FOCUS: 2nd coming.  2Peter “What kind of lives should you live…?)



1Kings 19:1-18

 1 Now Ahab told Jezebel everything Elijah had done and how he had killed all the prophets with the sword.

 2 So Jezebel sent a messenger to Elijah to say, "May the gods deal with me, be it ever so severely, if by this time tomorrow I do not make your life like that of one of them."

 3 Elijah was afraid and ran for his life. When he came to Beersheba in Judah, he left his servant there,

 4 while he himself went a day's journey into the desert. He came to a broom tree, sat down under it and prayed that he might die. "I have had enough, LORD," he said. "Take my life; I am no better than my ancestors."

 5 Then he lay down under the tree and fell asleep. All at once an angel touched him and said, "Get up and eat."

 6 He looked around, and there by his head was a cake of bread baked over hot coals, and a jar of water. He ate and drank and then lay down again.

 7 The angel of the LORD came back a second time and touched him and said, "Get up and eat, for the journey is too much for you."

 8 So he got up and ate and drank. Strengthened by that food, he traveled forty days and forty nights until he reached Horeb, the mountain of God.

 9 There he went into a cave and spent the night. And the word of the LORD came to him: "What are you doing here, Elijah?"

 10 He replied, "I have been very zealous for the LORD God Almighty. The Israelites have rejected your covenant, broken down your altars, and put your prophets to death with the sword. I am the only one left, and now they are trying to kill me too."

 11 The LORD said, "Go out and stand on the mountain in the presence of the LORD, for the LORD is about to pass by." Then a great and powerful wind tore the mountains apart and shattered the rocks before the LORD, but the LORD was not in the wind. After the wind there was an earthquake, but the LORD was not in the earthquake.

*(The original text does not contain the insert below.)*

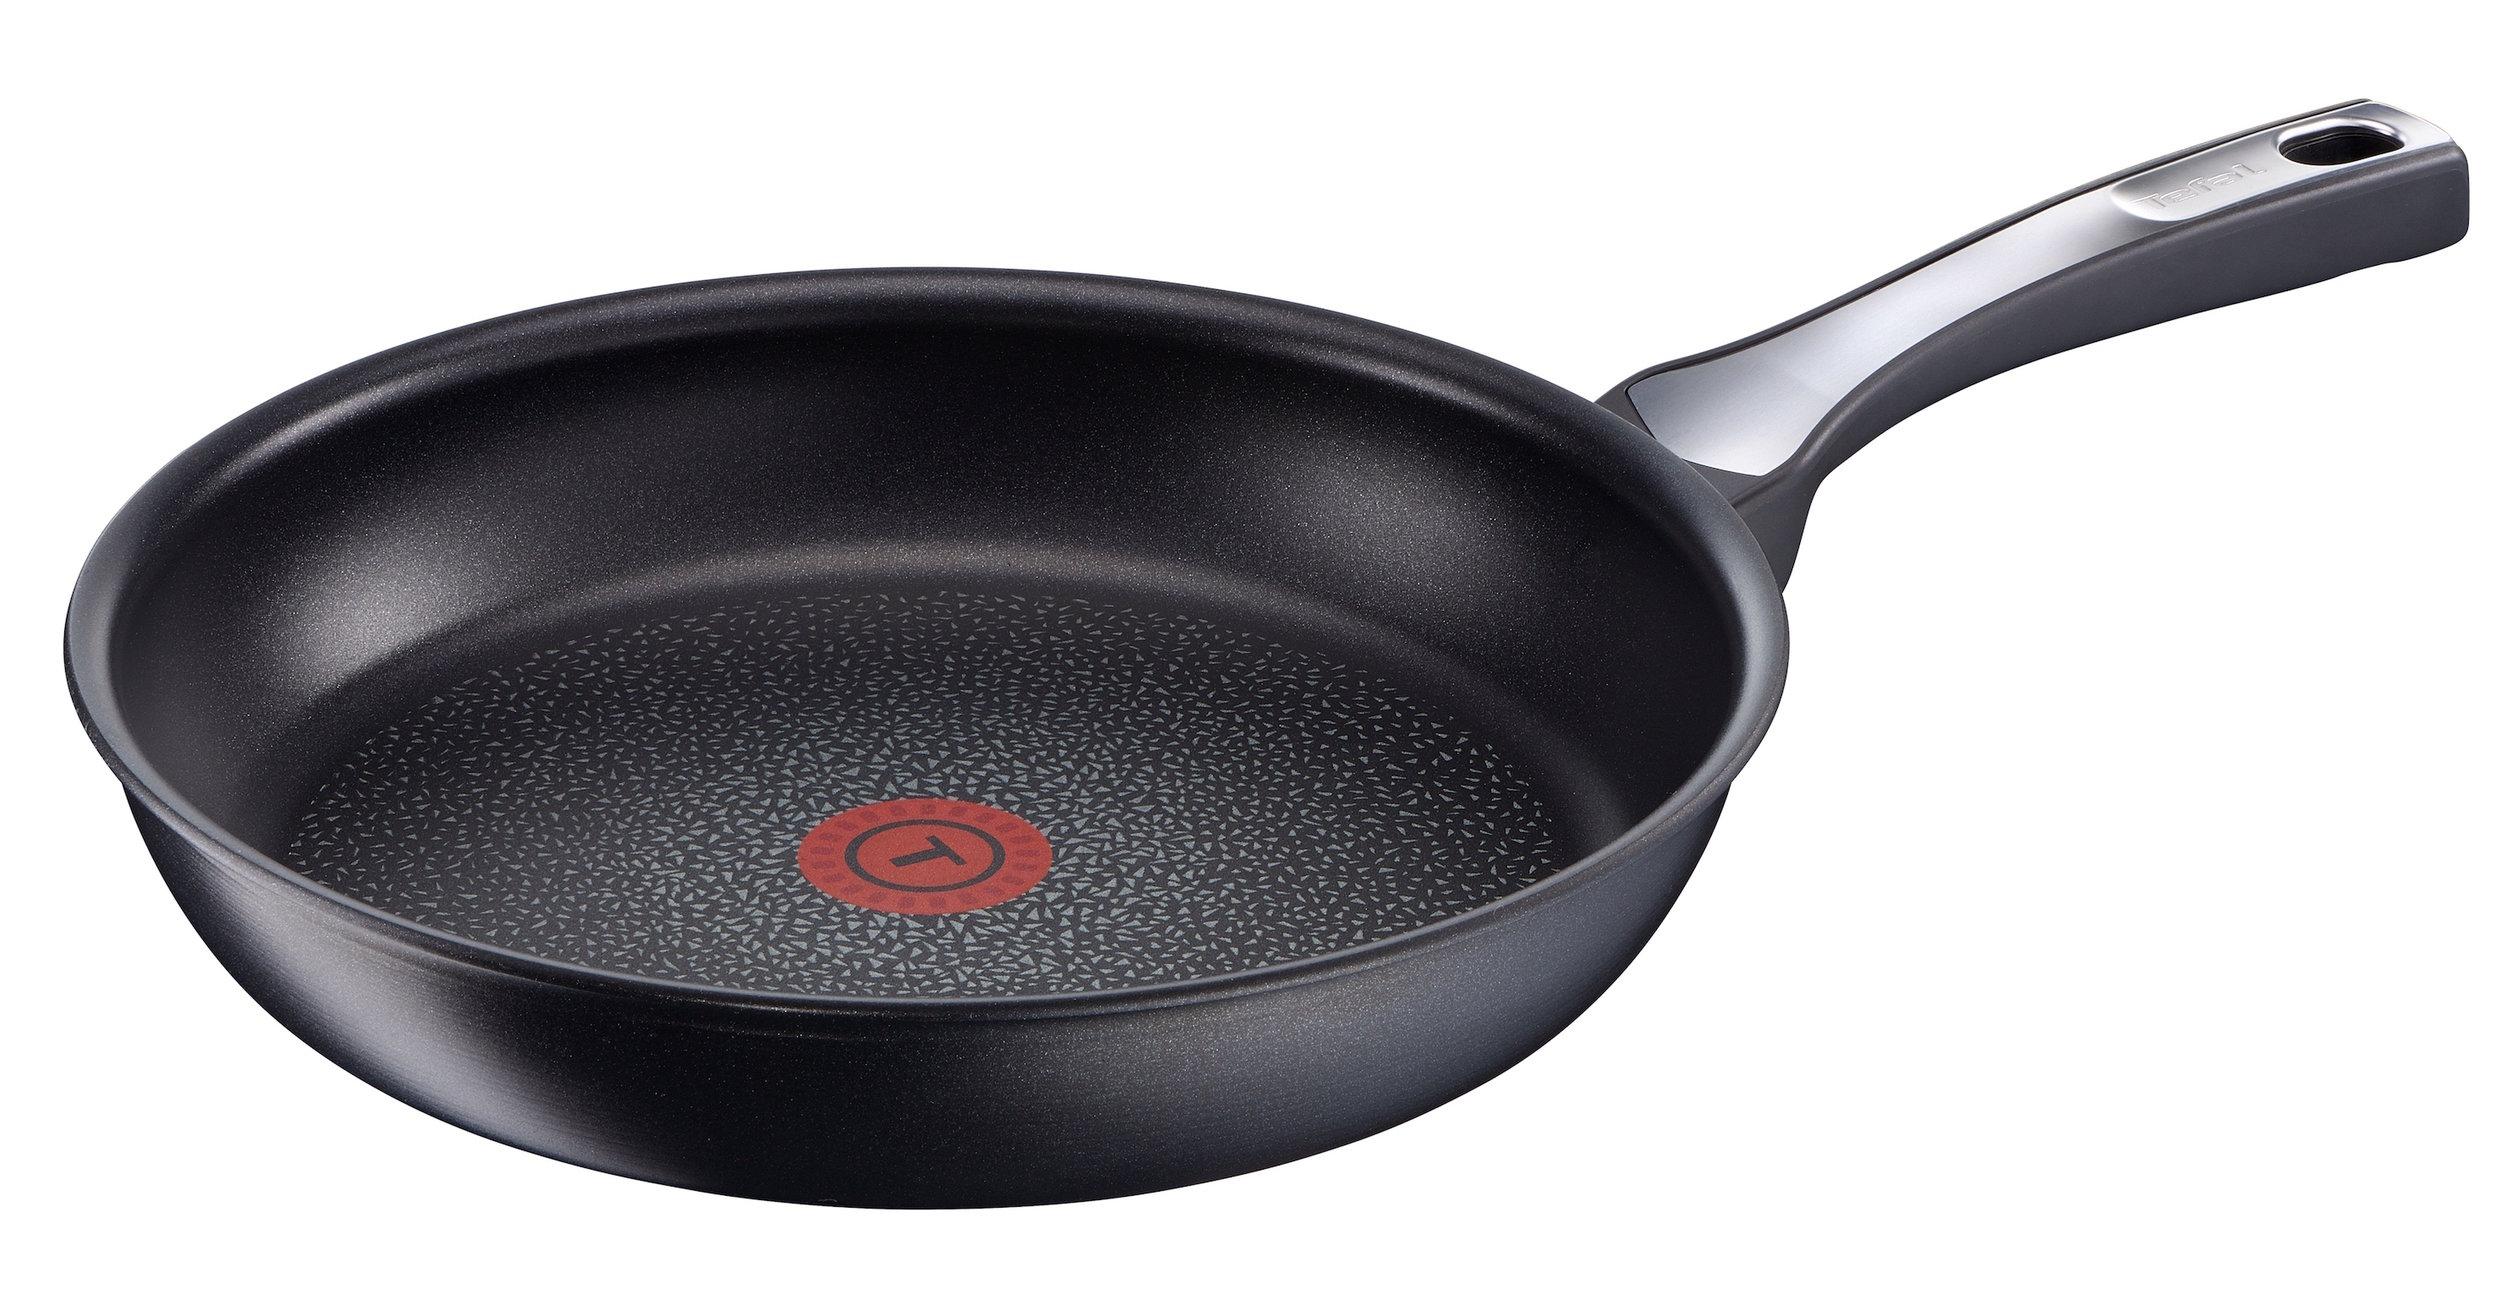 Teal Expertise Frying Pan

 12 After the earthquake came a fire, but the LORD was not in the fire. And after the fire came a gentle whisper.

 13 When Elijah heard it, he pulled his cloak over his face and went out and stood at the mouth of the cave. Then a voice said to him, "What are you doing here, Elijah?"

 14 He replied, "I have been very zealous for the LORD God Almighty. The Israelites have rejected your covenant, broken down your altars, and put your prophets to death with the sword. I am the only one left, and now they are trying to kill me too."

 15 The LORD said to him, "Go back the way you came, and go to the Desert of Damascus. When you get there, anoint Hazael king over Aram.

 16 Also, anoint Jehu son of Nimshi king over Israel, and anoint Elisha son of Shaphat from Abel Meholah to succeed you as prophet.

 17 Jehu will put to death any who escape the sword of Hazael, and Elisha will put to death any who escape the sword of Jehu.

 18 Yet I reserve seven thousand in Israel-- all whose knees have not bowed down to Baal and all whose mouths have not kissed him."